Making some imports...

In [1]:
from collections import Counter

# Download and process corpora
from cltk.data.fetch import FetchCorpus
from cltk.core.data_types import Doc, Word
from cltk.corpora.grc.tei import onekgreek_tei_xml_to_text

# Sample texts
from cltk.languages.example_texts import get_example_text

# Text normalisation tools
from cltk.alphabet.text_normalization import cltk_normalize
from cltk.alphabet.lat import JVReplacer, LigatureReplacer, normalize_lat
from cltk.alphabet.grc import expand_iota_subscript

# Phonetics/Phonology
from cltk.phonology.lat.phonology import LatinTranscription, LatinSyllabifier
from cltk.phonology.grc.phonology import GreekTranscription # GreekSyllabifier not working?

# Prosody (Scansion)
from cltk.prosody.lat.hexameter_scanner import HexameterScanner
from cltk.prosody.lat.metrical_validator import MetricalValidator
from cltk.prosody.lat.macronizer import Macronizer
from cltk.prosody.grc import Scansion

# Sentence tokenisation
from cltk.sentence.grc import GreekRegexSentenceTokenizer
from cltk.sentence.lat import LatinPunktSentenceTokenizer

# Word tokenisation
from cltk.tokenizers.lat.lat import LatinWordTokenizer
from cltk.tokenizers import GreekTokenizationProcess

# Lemmatisation
from cltk.lemmatize.lat import LatinBackoffLemmatizer
from cltk.lemmatize.grc import GreekBackoffLemmatizer

# Stemming
from cltk.stem.lat import stem

# POS tagging
from cltk.tag.pos import POSTag

# Named entity recognition
from cltk.ner.ner import tag_ner

# Stop words
from cltk.stops.lat import STOPS as STOPS_lat
from cltk.stops.grc import STOPS as STOPS_grc

# Syntactic parsing
from cltk.dependency.processes import StanzaProcess
from cltk.dependency.tree import DependencyTree

# Lexicon
from cltk.lexicon.lat import LatinLewisLexicon

# Decliner
from cltk.morphology.lat import CollatinusDecliner

# Modules

## Corpora
How to check which corpora are available and how to download/clone them from the github repository:

### Latin:

In [2]:
# Check for available corpora
fetcher_lat = FetchCorpus('lat', testing=False)
available_corpora_lat = fetcher_lat.list_corpora
# print(available_corpora_lat)

In [3]:
# Download corpora
# fetcher_lat.import_corpus('lat_models_cltk')
# fetcher_lat.import_corpus('lat_text_latin_library')

### Greek:

In [4]:
fetcher_grc = FetchCorpus('grc', testing=False)
available_corpora_grc = fetcher_grc.list_corpora
# print(available_corpora_grc)

In [5]:
# Download corpora
# fetcher_grc.import_corpus('grc_models_cltk')
# fetcher_grc.import_corpus('grc_text_first1kgreek')
# onekgreek_tei_xml_to_text()

## Load sample texts

### Latin:
Introduction to Ceasares Bellum Gallicum (translation available here: https://www.gottwein.de/Lat/caes/bg1001.php)

In [6]:
bellum_gallicum_ceasar = get_example_text('lat')
# print(bellum_gallicum_ceasar)

### Greek:
Introduction to Platon's Apologie (17a-19a) (translation available here: https://www.gottwein.de/Grie/plat/apol17a.php)

In [7]:
apologia_platon = get_example_text('grc')
# print(apologia_platon)

## Text normalisation:

Let's now perform a little bit of text normalisation.

### Latin:
- **Latin aphabet:** Replace J/V with I/U. Latin alphabet does not distinguish between J/j and I/i and V/v and U/u; Yet, many texts bear the influence of later editors and the predilections of other languages.
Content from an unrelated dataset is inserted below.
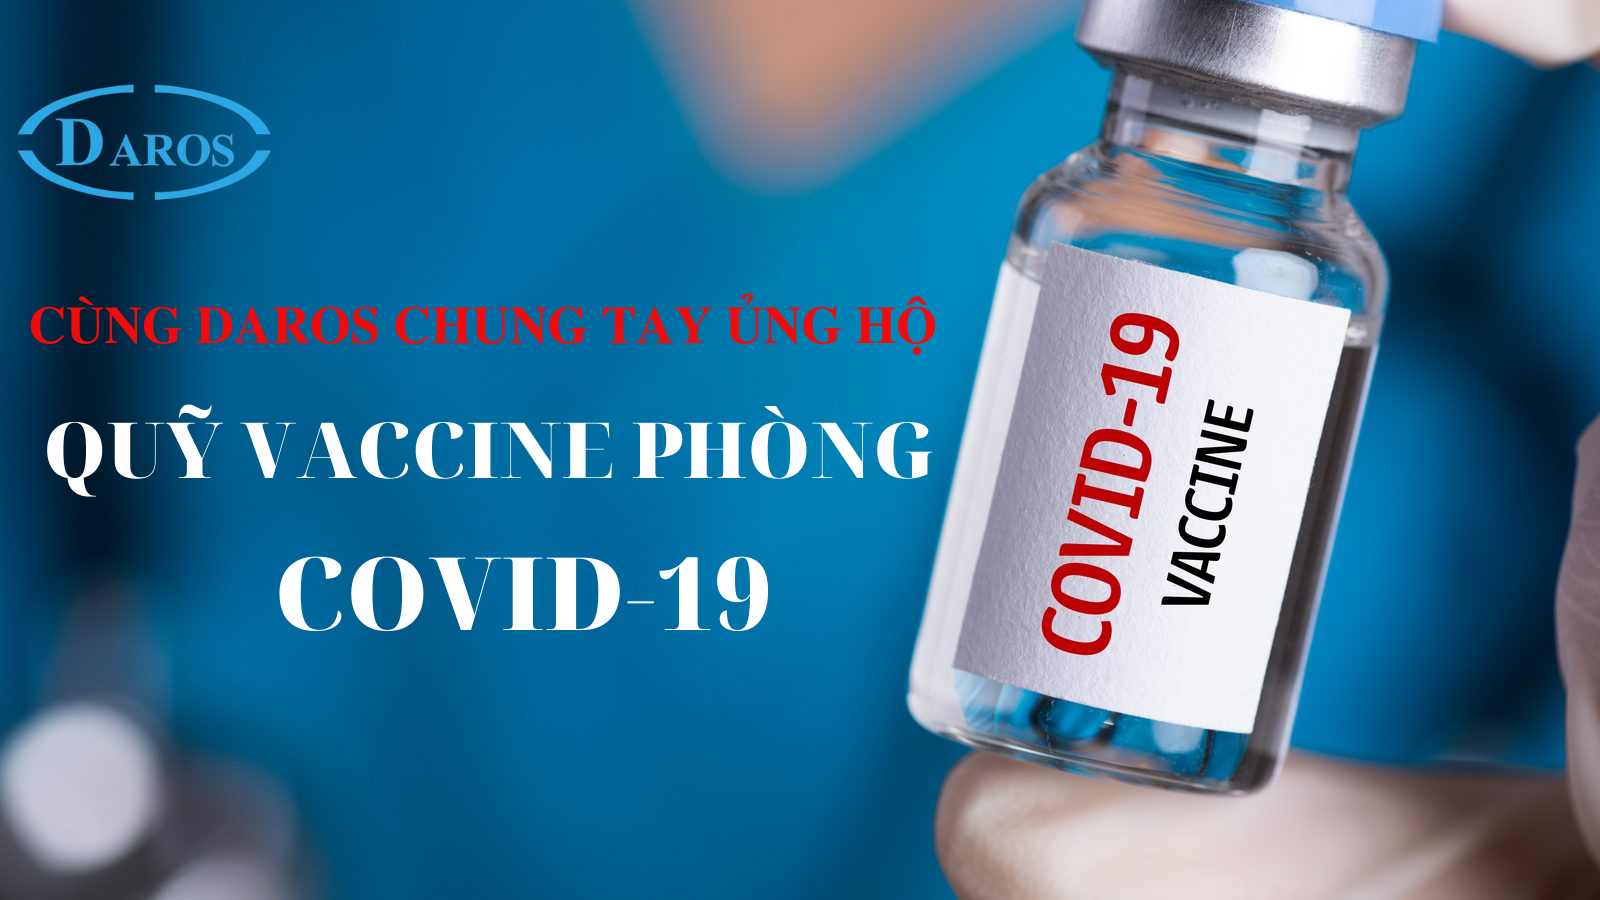 Daros – Ủng hộ “Quỹ Vaccine phòng COVID-19”

In practical terms, the JV substitution is recommended on all Latin text preprocessing; it helps to collapse the search space.

In [8]:
repl = JVReplacer()
normalised_lat_sample = repl.replace('In vino veritas.')
print(normalised_lat_sample)

In uino ueritas.


- **Ligatures in Latin:** Replace ‘œæ’ with AE, ‘Œ Æ’ with OE. Classical Latin wrote the o and e separately (as has today again become the general practice), but the ligature was used by medieval and early modern writings, in part because the diphthongal sound had, by Late Latin, merged into the sound.

In [9]:
lig_repl = LigatureReplacer()
normalised_lat_sample = lig_repl.replace("prœil")
print(normalised_lat_sample)

proeil


- **normalize_lat()** performs all normalisation options at once

In [10]:
norm_sample = "canō Īuliī suspensám quăm aegérrume ĭndignu îs óccidentem frúges Julius Caesar. " \
              "In vino veritas. mæd prœil"
print(normalize_lat(norm_sample, drop_accents=True, drop_macrons=False,
                    jv_replacement=False, ligature_replacement=False))      # all options set to False by default

canō Īuliī suspensam quăm aegerrume ĭndignu is óccidentem frúges Julius Caesar. In vino veritas. mæd prœil


Normalise the excerpt from Ceasare's Bellum Gallicum using the normalize_lat() function.

In [11]:
# Normalise bellum gallicum sample
normalised_bg = normalize_lat(bellum_gallicum_ceasar, jv_replacement=True)

### Greek:
Dealing with a different language and alphabets makes it necessary to perfom different types of normalisation. Thus with greek we have to pay attention to:
- **Iota subscribtum:**

In [12]:
str_iota_subscript = "ἐν τῇ νῦν Ἑλλάδι καλεομένῃ χωρῇ οὕτω δ᾽ εἶπε τερᾴζων"
print(expand_iota_subscript(str_iota_subscript,
                            lowercase=True))    # lowercase is True by default returns lowercase string

ἐν τῆι νῦν ἑλλάδι καλεομένηι χωρῆι οὕτω δ᾽ εἶπε τεράιζων


- **Unicode encoding:** In some cases it might be relevant to consider encodings. Especially, when dealing with non-Ascii characters. The cltk_normalize() function from the unicodedata package which returns normal form 'form' for Unicode string unistr.

In [13]:
# Uniode normalisation
word = cltk_normalize('διοτρεφές')
print(word) # changes are not visible for us if we print the word

διοτρεφές


Again we perform the above operations on our greek sample.

In [14]:
expanded_apol = expand_iota_subscript(apologia_platon, lowercase=False)
normalised_apol = cltk_normalize(expanded_apol)

## Sentence Tokenisation

### Latin:

In [15]:
sent_tokeniser_lat = LatinPunktSentenceTokenizer()
sentences_bg = sent_tokeniser_lat.tokenize(normalised_bg)
print(sentences_bg[0])

Gallia est omnis diuisa in partes tres, quarum unam incolunt Belgae, aliam Aquitani, tertiam qui ipsorum lingua Celtae, nostra Galli appellantur.


### Greek:

In [16]:
sent_tokeniser_grc = GreekRegexSentenceTokenizer()
sentences_grc = sent_tokeniser_grc.tokenize(normalised_apol)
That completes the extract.